_Exercise aim_.
Retype the material exactly, ending with the line containing "Hanes Women's Cool".

_The data_.
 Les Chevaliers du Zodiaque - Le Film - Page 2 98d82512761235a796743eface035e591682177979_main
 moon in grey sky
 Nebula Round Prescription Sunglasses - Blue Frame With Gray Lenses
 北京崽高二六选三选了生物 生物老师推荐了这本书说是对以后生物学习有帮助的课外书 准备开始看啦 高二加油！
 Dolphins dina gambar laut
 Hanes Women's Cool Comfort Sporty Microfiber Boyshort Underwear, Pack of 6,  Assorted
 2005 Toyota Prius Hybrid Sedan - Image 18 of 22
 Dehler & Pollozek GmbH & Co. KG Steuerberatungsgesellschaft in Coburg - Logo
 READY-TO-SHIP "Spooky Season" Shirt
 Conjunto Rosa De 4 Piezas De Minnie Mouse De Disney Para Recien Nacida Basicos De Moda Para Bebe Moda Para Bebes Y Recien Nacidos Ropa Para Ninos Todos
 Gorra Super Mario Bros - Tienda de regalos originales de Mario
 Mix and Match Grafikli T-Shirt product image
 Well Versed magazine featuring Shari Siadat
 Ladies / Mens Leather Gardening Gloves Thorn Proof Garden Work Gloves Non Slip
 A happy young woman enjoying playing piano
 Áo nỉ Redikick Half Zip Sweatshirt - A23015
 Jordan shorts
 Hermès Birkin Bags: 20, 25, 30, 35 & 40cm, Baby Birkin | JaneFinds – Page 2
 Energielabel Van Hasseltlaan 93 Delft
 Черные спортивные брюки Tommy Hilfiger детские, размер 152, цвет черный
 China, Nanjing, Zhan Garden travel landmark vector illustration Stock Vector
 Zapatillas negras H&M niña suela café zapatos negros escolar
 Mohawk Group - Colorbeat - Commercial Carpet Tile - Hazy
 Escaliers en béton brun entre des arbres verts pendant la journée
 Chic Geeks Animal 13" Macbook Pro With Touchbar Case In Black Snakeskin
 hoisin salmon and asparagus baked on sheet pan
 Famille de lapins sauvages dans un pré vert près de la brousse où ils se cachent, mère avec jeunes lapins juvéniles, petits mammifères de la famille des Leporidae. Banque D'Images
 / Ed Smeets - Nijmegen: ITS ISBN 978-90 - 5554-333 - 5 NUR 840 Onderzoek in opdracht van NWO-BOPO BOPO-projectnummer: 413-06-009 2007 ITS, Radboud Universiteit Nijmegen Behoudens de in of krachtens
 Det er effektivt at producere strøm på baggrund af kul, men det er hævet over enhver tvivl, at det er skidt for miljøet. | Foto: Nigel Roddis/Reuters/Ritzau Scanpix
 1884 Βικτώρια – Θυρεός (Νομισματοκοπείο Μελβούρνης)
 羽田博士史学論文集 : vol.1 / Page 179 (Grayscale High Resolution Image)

_Response area_.
 Les Chevaliers du Zodiaque - Le Film - Page 2 98d82512761235a796743eface035e591682177979_main
 moon in grey sky
 Nebula Round Prescription Sunglasses - Blue Frame With Gray Lenses
 北京崽高二六选三选了生物 生物老师推荐了这本书说是对以后生物学习有帮助的课外书 准备开始看啦 高二加油！
 Dolphins dina gambar laut
 Hanes Women's Cool Comfort Sporty Microfiber Boyshort Underwear, Pack of 6,  Assorted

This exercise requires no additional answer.